Em resposta, a ministra afirmou que no Portal do SNS já estão disponíveis dados que durante vários meses não foram actualizados. “Aquilo que possa faltar nesta nota explicativa será enviado até ao final do dia aos senhores deputados. Não há nenhuma intenção de esconder rigorosamente coisa nenhuma”, disse ainda. Mariana Vieira da Silva pediu que os dados sejam enviados durante a audição.
Também o deputado Mário Amorim Lopes, da Iniciativa Liberal, criticou a falta de informação na nota explicativa e as horas a que foi disponibilizada, que, "tal como o INEM, chegou tarde e a más horas". Falou de comparações "que não têm qualquer valor" e de tabelas "que não servem de absolutamente nada".

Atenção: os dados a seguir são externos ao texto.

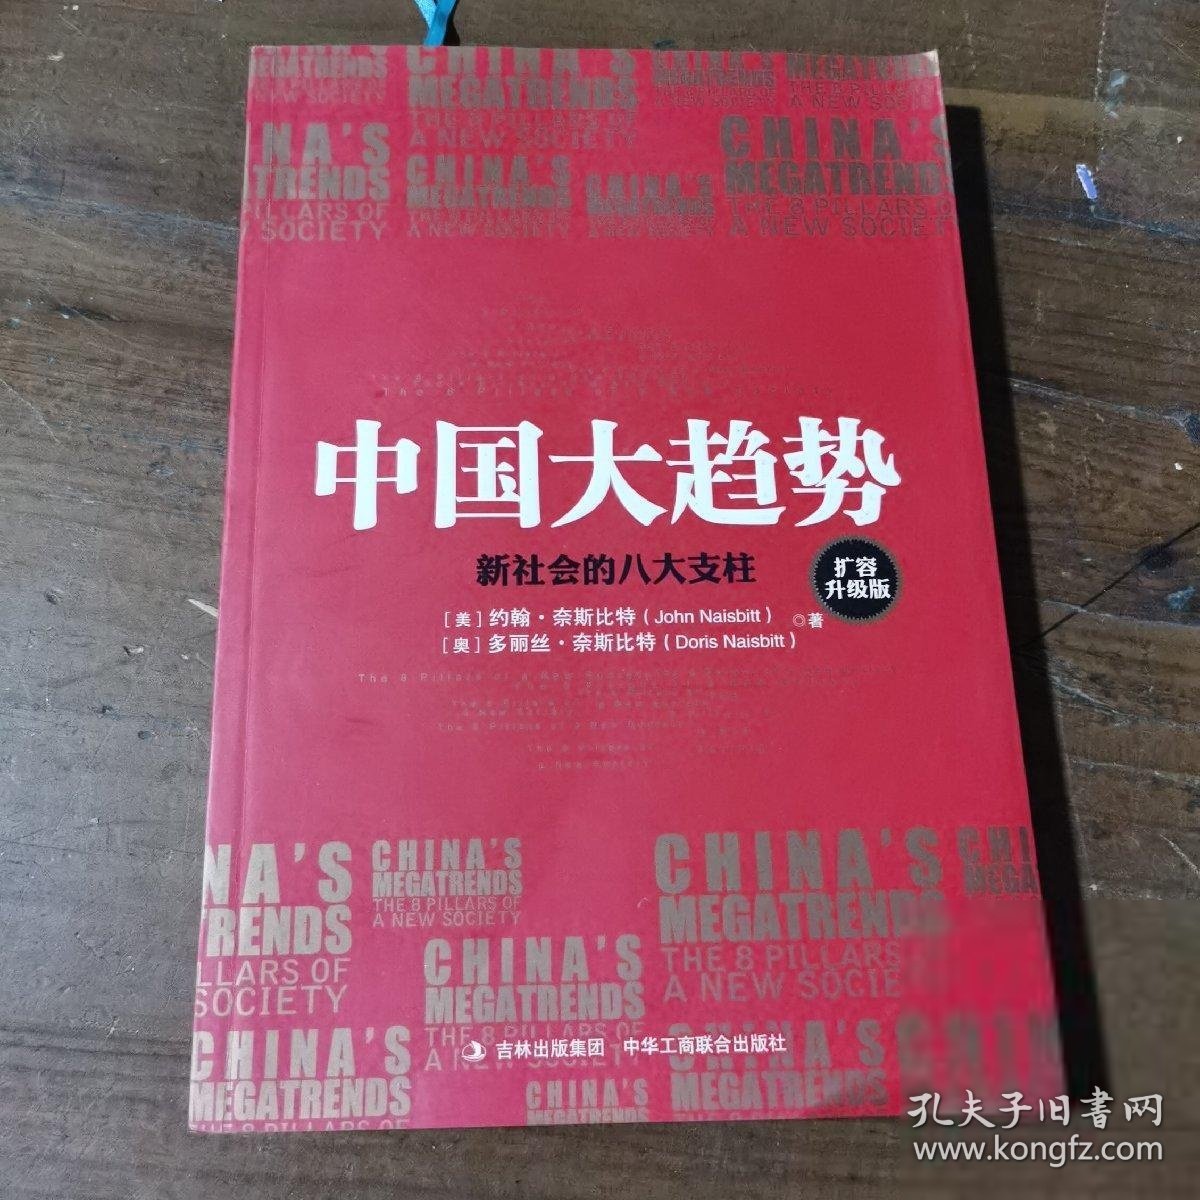 中国大趋势--新社会的八大支柱(扩容升级版)[美]约翰·奈斯比特、[奥地利]多丽丝·奈斯比特  著；魏平  译中华工商联合出版社

No final da audição, numa interpelação à mesa, Mariana Vieira da Silva afirmou que a nota explicativa aponta para um saldo positivo no final deste ano, mas que no quadro que lhes foi entregue, durante a audição, "fala-se de um défice para este ano de 665 milhões de euros". "Agradecia [dirigindo-se ao vice-presidente da mesa] que pedisse ao Ministério da Saúde que entregasse uma errata da nota explicativa ou uma errata do quadro que enviou, porque um dos dois não está certo. Não é aceitável que a Assembleia da República faça uma discussão com desvios de 665 milhões de euros."
A secretária de Estado Cristina Vaz Tomé respondeu à critica, dizendo que o "saldo da estimativa de 2024 para 2025 é positivo em 666 milhões de euros". "O negativo, não sei onde viu. Estamos a falar do Orçamento do Estado para 2025. Isto é a conta do SNS, o relatório refere-se à conta do Ministério da Saúde."